Lately, mutations in genes that are already known to cause IRDs as well as novel IRD-related genes were found using WES and whole genome sequencing.13–17 WES was found to be useful in the identification of the disease-causing mutations in about 50% of the investigated IRD families.18–22
In the current study, we focus on the identification of homozygous and hemizygous large genomic deletions using WES coverage data analysis. We show that WES is an excellent tool for the identification of such deletions in various IRD-causing genes.
Subjects and clinical evaluation
The tenets of the Declaration of Helsinki were followed and prior to donation of a blood sample, a written informed consent was obtained from all individuals who participated in this study (see online supplementary figure S1), after explanation of the nature and possible consequences of the study. The research was approved by the institutional review board (IRB) at the Hadassah Medical Center. DNA was extracted from the index patients as well as from other affected and unaffected family members using the FlexiGene DNA kit (Qiagen).
Ocular evaluation included a comprehensive ophthalmologic exam, Goldmann perimetry, electroretinography, colour vision testing using the Ishihara 38-panel and Farnsworth-Munsell D-15 tests, colour and infrared fundus photos, optical coherence tomography and fundus autofluorescence (FAF) imaging performed as previously described.22
Homozygosity mapping was performed using whole genome single-nucleotide polymorphism microarrays (Affymetrix 6.0) as reported previously.23 WES analyses were performed on DNA samples of 64 individuals at Otogenetics (Norcross, Georgia, USA) using different approaches and were grouped accordingly: group 1 (G1)—43 samples using Agilent V4 and Illumina HiSeq 2000 with a 30× coverage (hg19), G2—10 samples using Numblegen V2 and PE100 Illumina HiSeq 2000 with a 30× coverage (hg19), G3—4 samples using Agilent Human exome V5 and PE100 HiSeq 2000/2500 with a 50× coverage (hg19), G4—4 samples using Agilent Human exome V5 and PE100 HiSeq 2000/2500 with a 50× coverage (hg38) and G5—3 samples using Agilent Human exome V5 and PE100 HiSeq 2000/2500 with a 100× coverage (hg19).

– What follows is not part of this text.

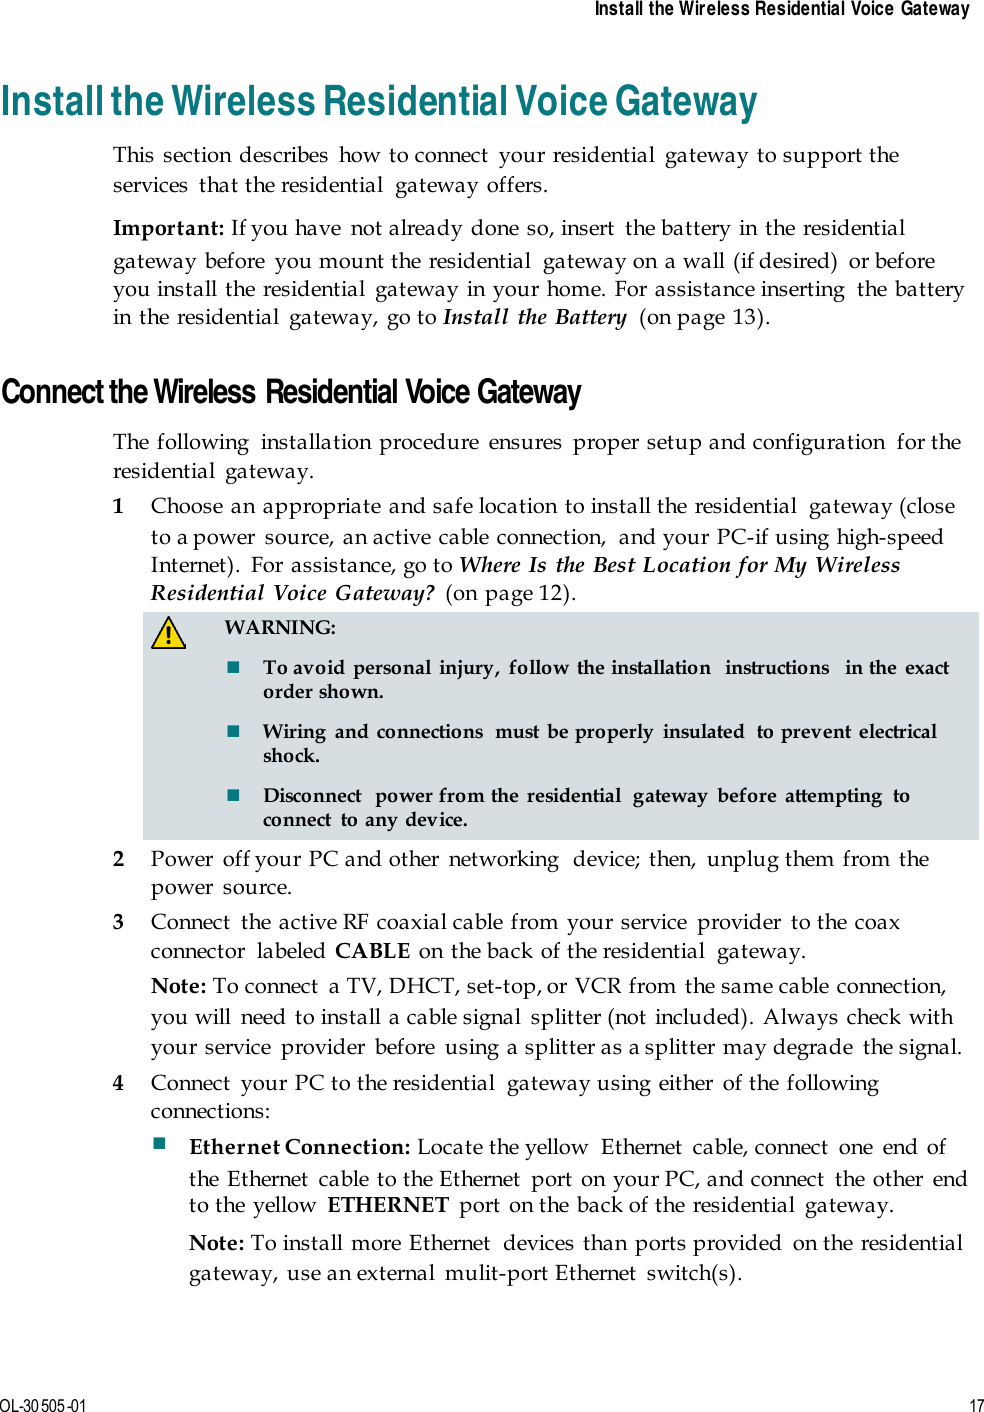    Install the Wireless Residential Voice Gateway  OL-30 505-01  17  Install the Wireless Residential Voice Gateway This section describes how to connect your residential gateway to support the services  that the residential  gateway offers.   Important: If you have  not already done so, insert the battery in the residential gateway before  you mount the residential  gateway on a wall (if desired)  or before you install the residential gateway in your home. For assistance inserting  the battery in the residential gateway, go to Install the Battery (on page 13).   Connect the Wireless Residential Voice Gateway The following  installation procedure  ensures  proper setup and configuration  for the residential gateway. 1 Choose an appropriate and safe location to install the residential  gateway (close to a power source, an active cable connection,  and your PC-if using high-speed Internet). For assistance, go to Where Is the Best Location for My Wireless Residential Voice Gateway? (on page 12).   WARNING:  To avoid personal injury, follow the installation  instructions  in the exact order shown.  Wiring and connections  must be properly insulated  to prevent  electrical shock.  Disconnect  power from the residential  gateway before attempting to connect  to any device. 2 Power off your PC and other networking  device; then, unplug them from the power source. 3 Connect the active RF coaxial cable from your service provider to the coax connector labeled CABLE  on the back of the residential  gateway. Note: To connect  a TV, DHCT, set-top, or VCR from the same cable connection, you will  need to install a cable signal  splitter (not included). Always check with your service  provider  before  using a splitter as a splitter may degrade  the signal. 4 Connect  your PC to the residential  gateway using either  of the following connections:  Ethernet Connection: Locate the yellow  Ethernet  cable, connect  one  end of the Ethernet  cable to the Ethernet  port on your PC, and connect  the other  end to the yellow  ETHERNET port on the back of the residential  gateway. Note: To install more Ethernet  devices than ports provided on the residential gateway, use an external  mulit-port Ethernet  switch(s). 
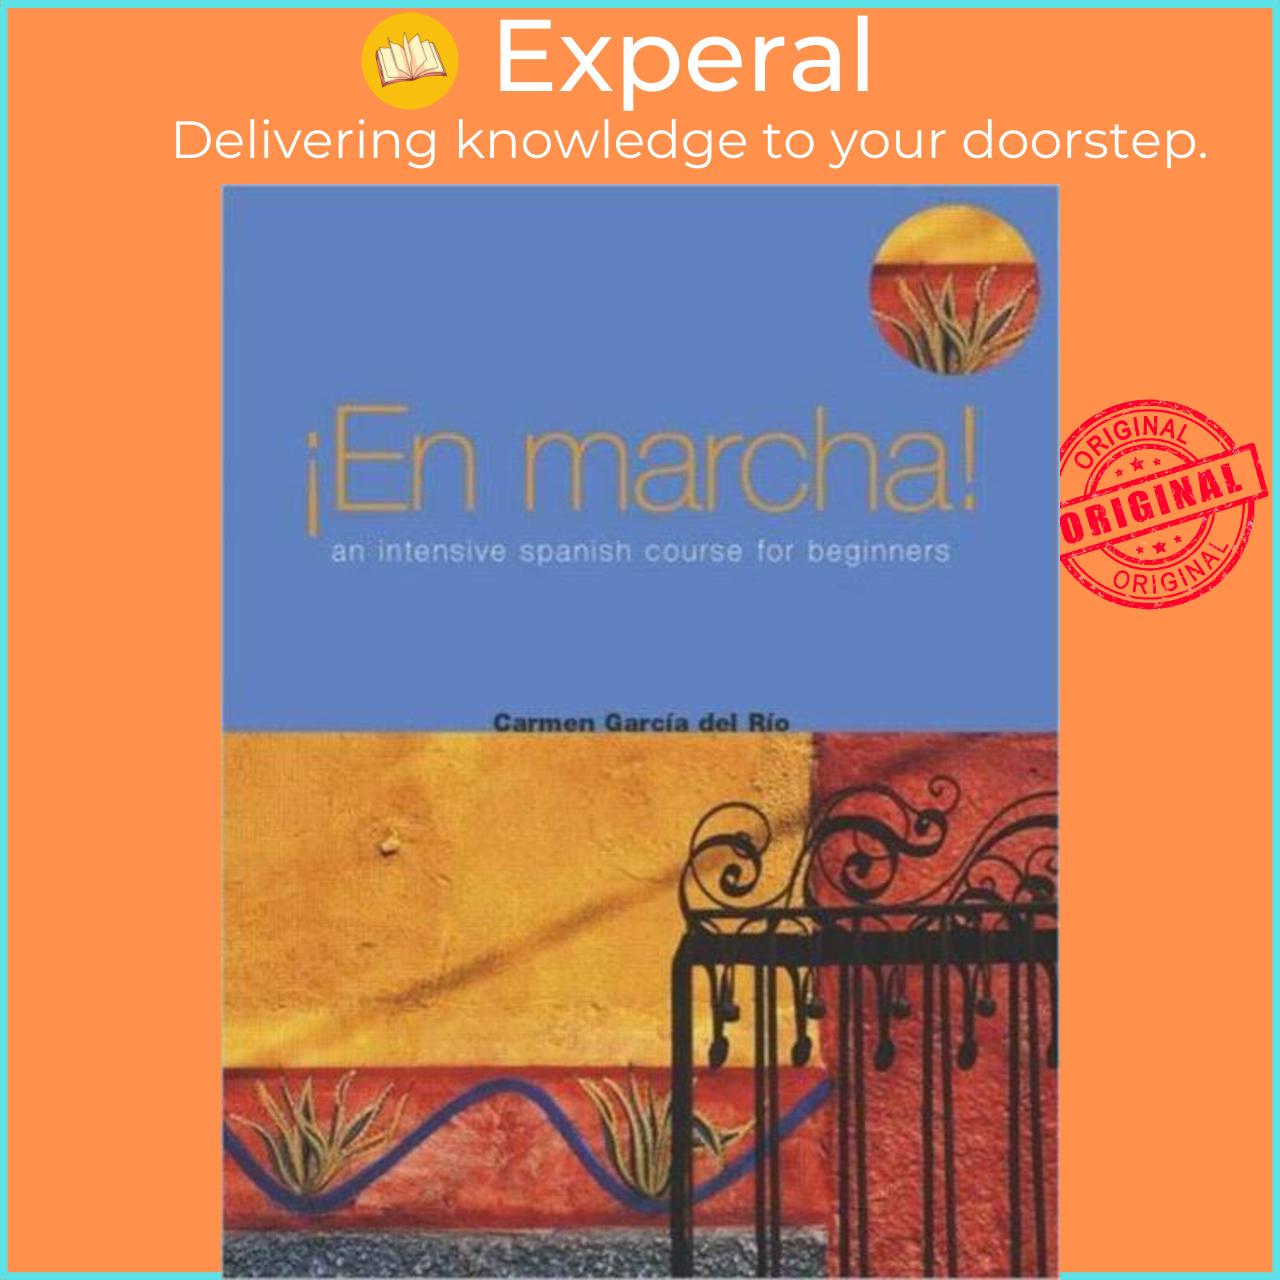 Sách - En Marcha: An Intensive Spanish Course for Beginners by Carmen Garcia del Rio (UK edition, paperback)

Sequence reads were aligned to the human genome reference sequence and variants were viewed using the DNAnexus software package. WES data were analysed for potential disease-causing mutations as previously reported.16
Exome coverage analysis
We created an exon coverage database using SQLserver 2014 that includes the following columns: individual number, chromosome number, gene name, start and end nucleotide position of each exon and the mean exon coverage of an individual (MECI). The latter was calculated as the mean coverage values for each base (the number of reads covering a specific nucleotide) in a specific exon. MECI values were averaged in each group of patients (G1–G5) to obtain the mean exon coverage per group (MECG). All groups were analysed with the same set of parameters and filters. Exons with a relatively low MECG (less than mean MECG—SD) were excluded from the analysis. As Y-chromosome-specific exons are not present in females and therefore represent a population of exons that can be used to determine the baseline coverage of total exons that are thought to be deleted, we used the mean coverage data of exons located on the Y-chromosome in 15 female samples. To ensure the inclusion of Y-chromosome-specific sequences, we excluded from the analysis genes that are located on X–Y shared regions as well as genes with close paralogues in the human genome. To allow meaningful mathematical values to be obtained, MECI values of ‘0’ were replaced by a value of ‘0.1’ for calculating the MECG/MECI ratio. Aiming to determine a reliable threshold for the MECG/MECI ratio, the ratio of the 89 suspected exons was plotted and divided into two subgroups based on the slope of the regression line: the first set (including over 50% of the exons) included exons with ratios between 3.2 and 9.9 with a slope of 0.09. On the other hand, the second set with a minimal ratio of 16 showed a much more spaced distribution with a slope of 13.96. We used this change in the regression line equation to select a value that will differentiate these two groups and therefore is likely to include as much as possible true candidates for exon deletion.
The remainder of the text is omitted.